Gulaebaghavali movie review: Prabhudheva, Revathi's heist comedy is enjoyable but patchy
Gulaebaghavali doesn’t quite excel in the writing or execution, but what it still manages to achieve — thanks to some well thought out comic stretches — is to entertain in installments
castPrabhudheva, Hansika Motwani, Revathi, Yogi Babu, Mottai Rajendran, Anandraj, Madhusudhan Rao And Muniskanth
Gulaebaghavali is not one of those films you could easily write off, by say, calling it a mindless entertainer. Although cut from the same cloth as last year’s terrific adventure-based horror comedy Maragatha Naanayam, this Prabhudheva-starrer falls short of being a worthy competitor. It is undoubtedly a cut above most other films in a similar space and enjoyable too — but in parts. While one might pick issues with the film, especially when the spotlight falls on the romance portion, it still has moments which truly work and make us cheer.
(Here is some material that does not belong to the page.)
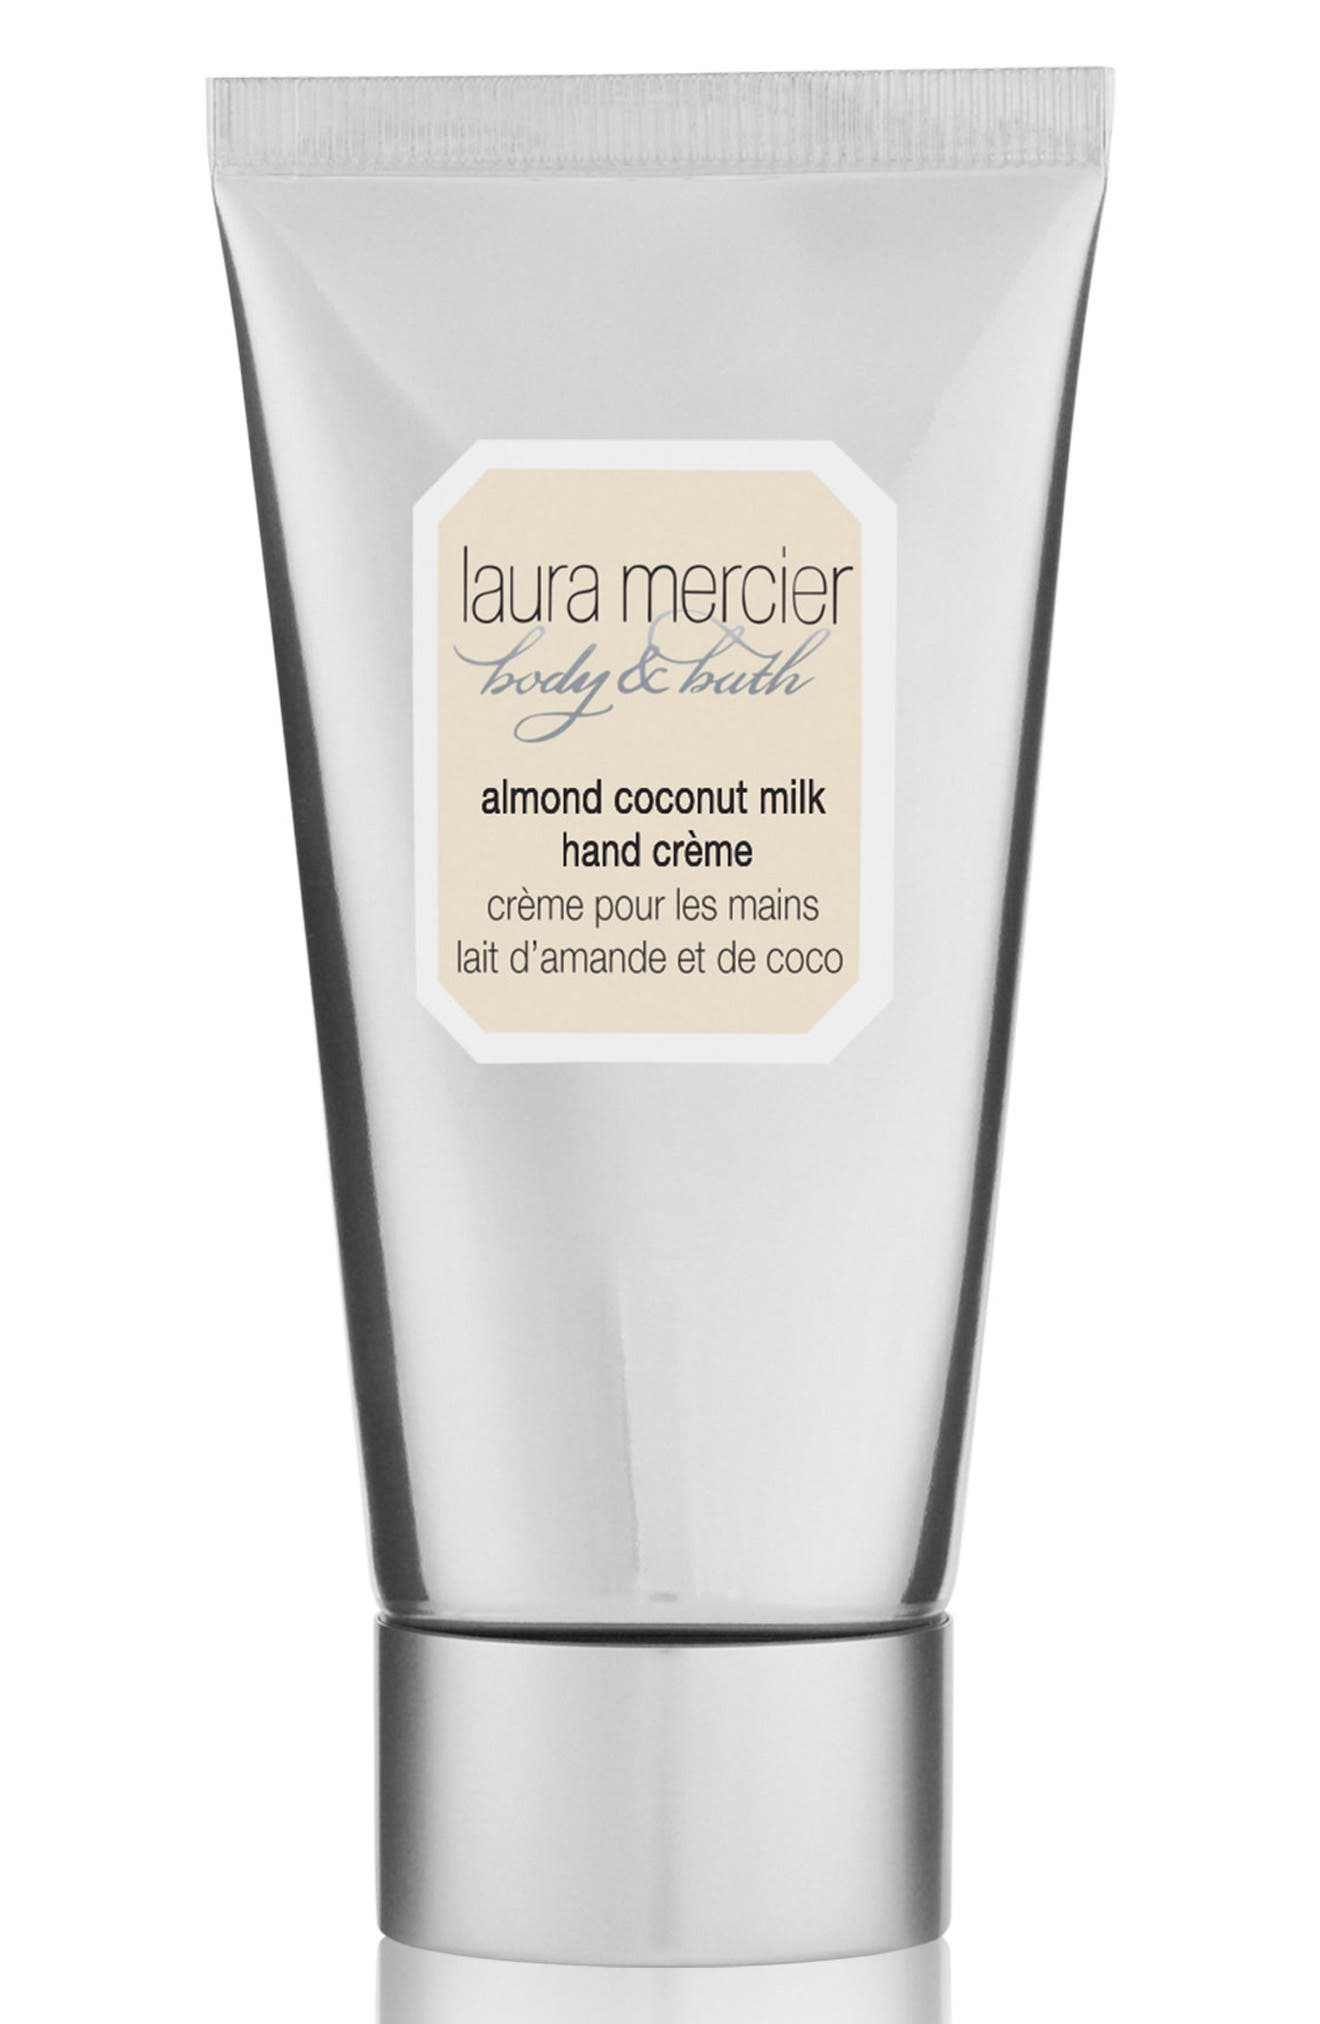 Almond Coconut Milk Hand Creme

The story opens in the pre-Independence era. A goldsmith, after stealing from his British master, stashes a box of diamonds near Gulaebaghavali temple. Many years later, the goldsmith’s son, on his death bed, lets his son know about the hidden treasure. Prabhudheva, a conman, who makes a living by earning commissions off he sale of rare artifacts, is assigned the job of retrieving the stash, which comes with its own set of challenges. He’s accompanied by three others — Muniskanth, Hansika and Revathi — and whether or not they succeed in the endeavor forms the crux of the story.
Gulaebaghavali doesn’t quite excel in the writing or execution, but what it still manages to achieve — thanks to some well thought out comic stretches — is to entertain in installments. One of the best examples is the chase sequence and all the hullabaloo which leads to the interval. Amidst all the flaws which stick out like a sore thumb, veteran actress-filmmaker Revathi’s portion is the film’s silver lining. She gets a terrific introduction scene and what’s even more exciting is that we are not told a sad story about why she earns her livelihood by conning people. We’re made to believe that’s the way she is and that’s a relief. I haven’t seen a filmmaker give a woman — a veteran — so much scope to perform in a Tamil film in a long time and for this very reason, director Kalyaan deserves special mention.
While Prabhudheva’s role could have been played by anyone else, he certainly makes the difference with his dance moves and also shows off his action skills. Hansika joins the mission because she’s caught red-handed while trying to con someone, and we’re told she does so to support the education of her sister. Honestly, she never comes across as someone who is in desperate need of financial support. If there’s one southern actress who has made a career by just looking good on screen, it has to be Hansika, who consistently disappoints in every role she picks.
If not for the battalion of comedians — especially the portion featuring Rajendran in the second half — Gulaebaghavali would’ve fallen flat. Still, the enjoyable portions, like the one featuring some men fighting over a human skeleton in the climax in particular, stand out and makes up for everything else that didn’t quite work.